Cyclosporiasis is an intestinal infection caused by the Cyclospora parasite. A person may become infected after ingesting contaminated food or water. Common symptoms include severe abdominal pain, watery diarrhea, nausea and vomiting, body aches and fatigue. The infection is treated with antibiotics and most people respond quickly to treatment.
Ocean Beauty Seafood LLC Issues Allergy Alert on Undeclared Soy in Publix Brand Parmesan-Crusted Wild Alaskan Salmon Fillets 12 Oz. Package
Ocean Beauty Seafood LLC of Seattle, WA is recalling 8450 packages of Publix brand Parmesan-Crusted Wild Alaskan Salmon Fillets, net wt.12oz, frozen, UPC 41415 30245 7, because it may contain undeclared soy due to mis-packaging. People who have an allergy or severe sensitivity to soy run the risk of serious or life-threatening allergic reaction if they consume this product.

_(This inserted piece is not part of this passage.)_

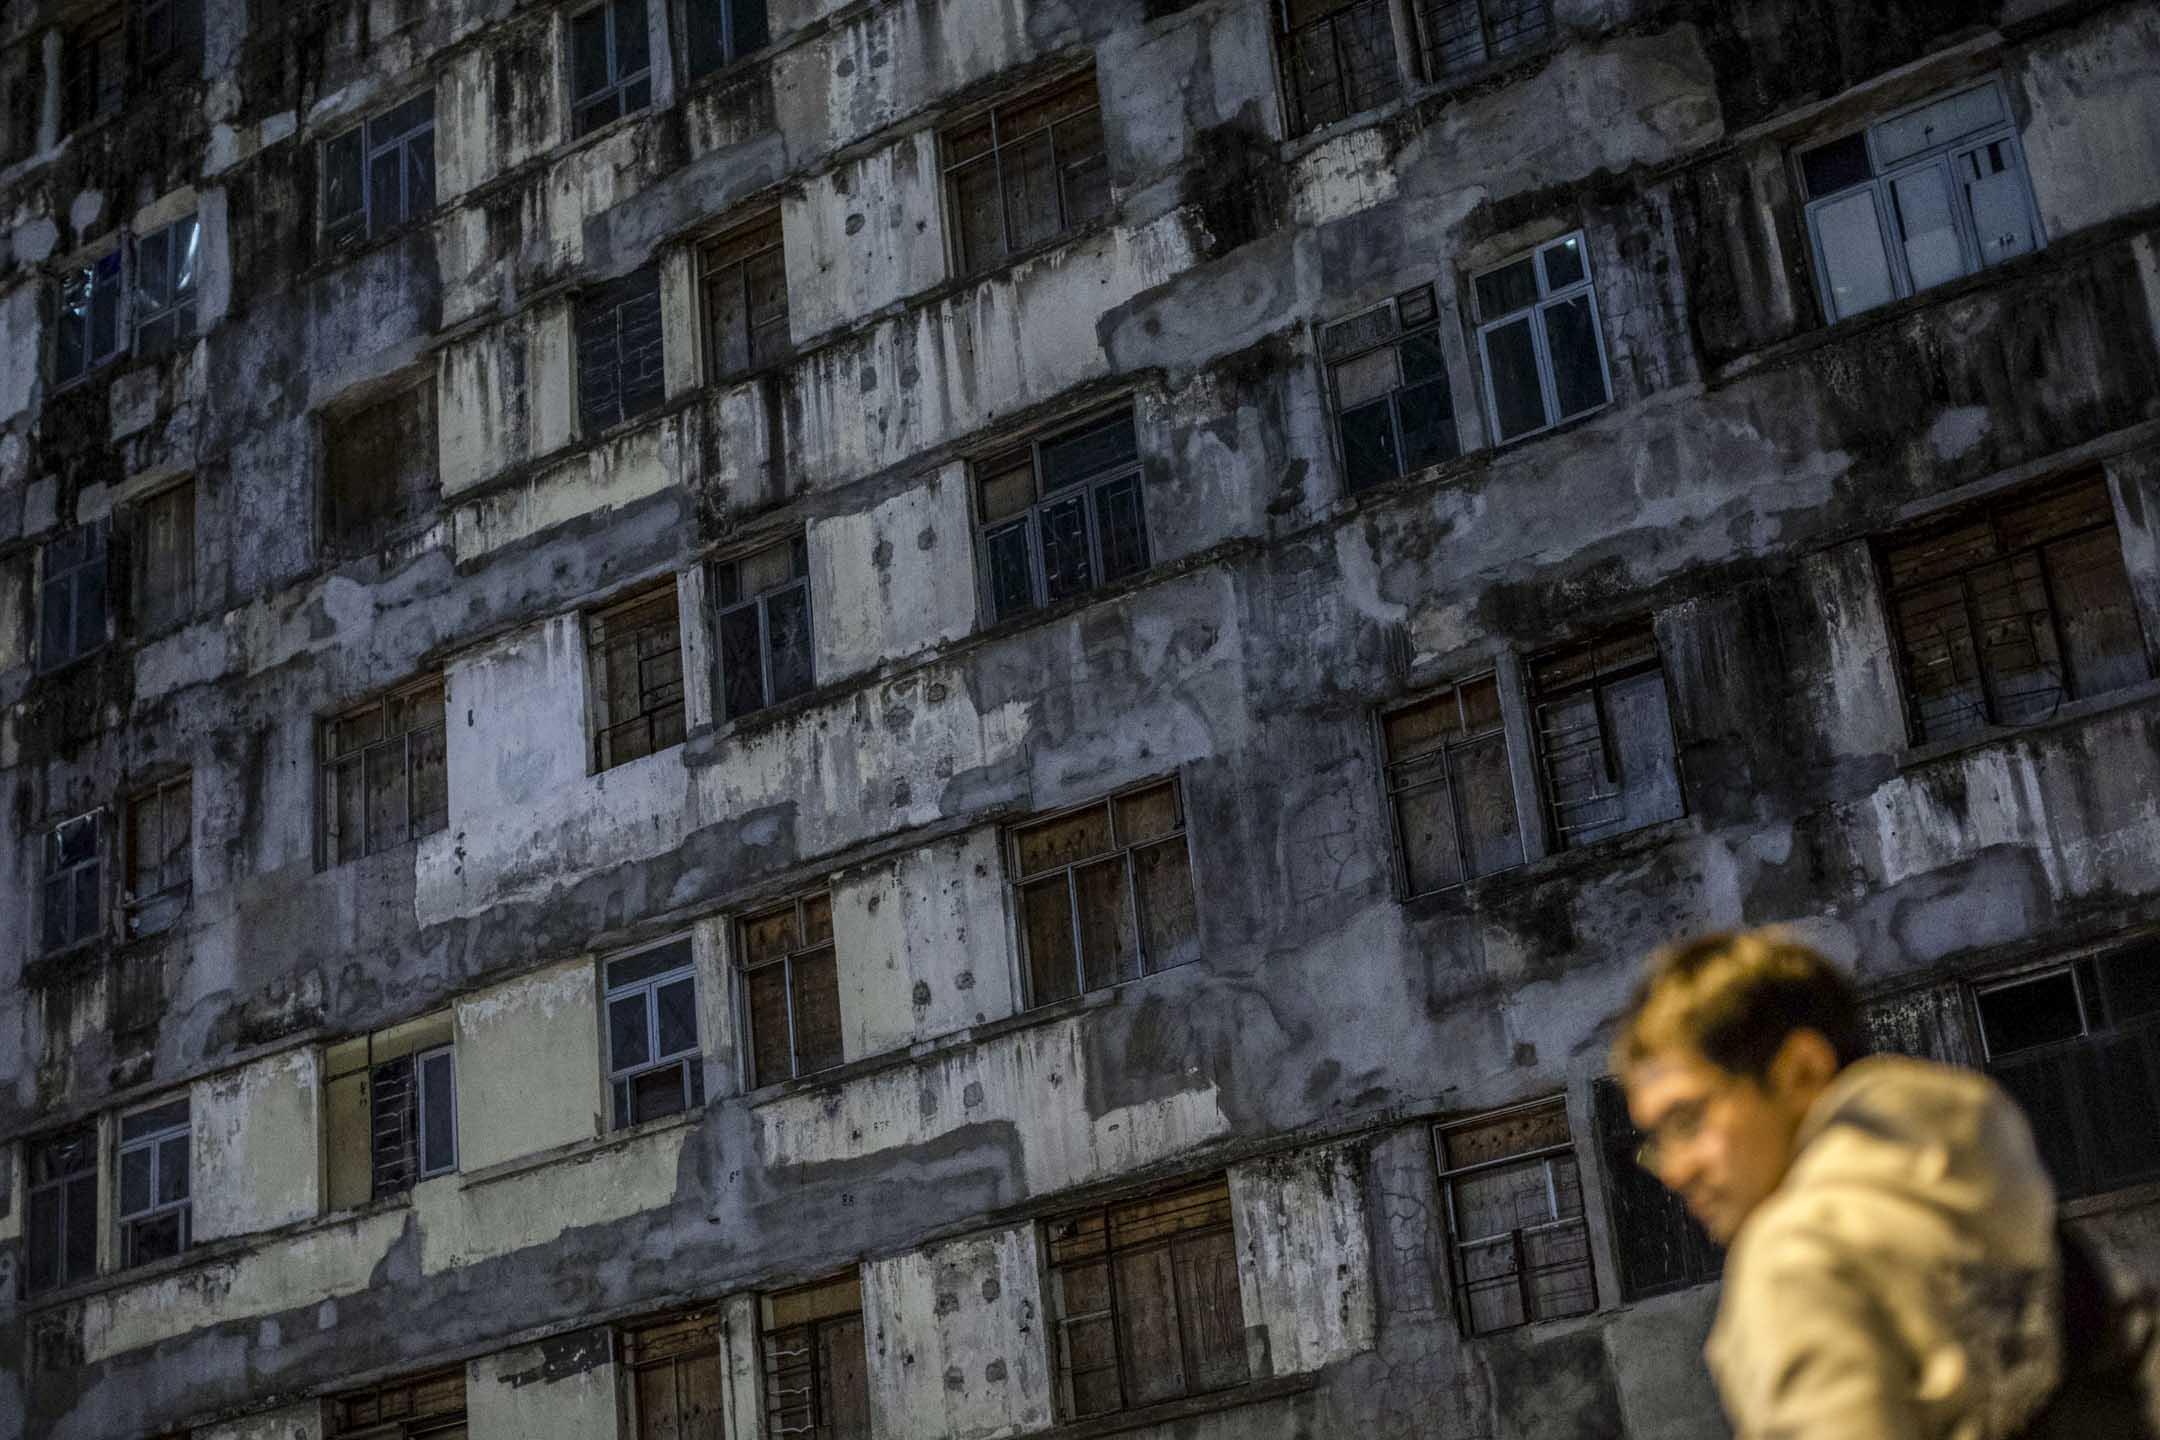 收回物業的消息公布後,大批攝影愛好者到裕民坊的平台拍照,希望拍下「天空之鏡」景色。 攝:Stanley Leung/端傳媒

The affected Parmesan-Crusted Wild Alaskan Salmon Fillets retail box bears the code date “Best Before/Use By date 021122”, and the affected Teriyaki sauced product is observed through a clear inner vacuum package inside the retail box. Images of the affected and non-affected product are found below.
The affected product was distributed directly to Publix Super Markets Inc distribution warehouses located in Florida and Georgia between 9/18/20 and 11/4/20. Publix further distributed product to their various retail stores in the southeast.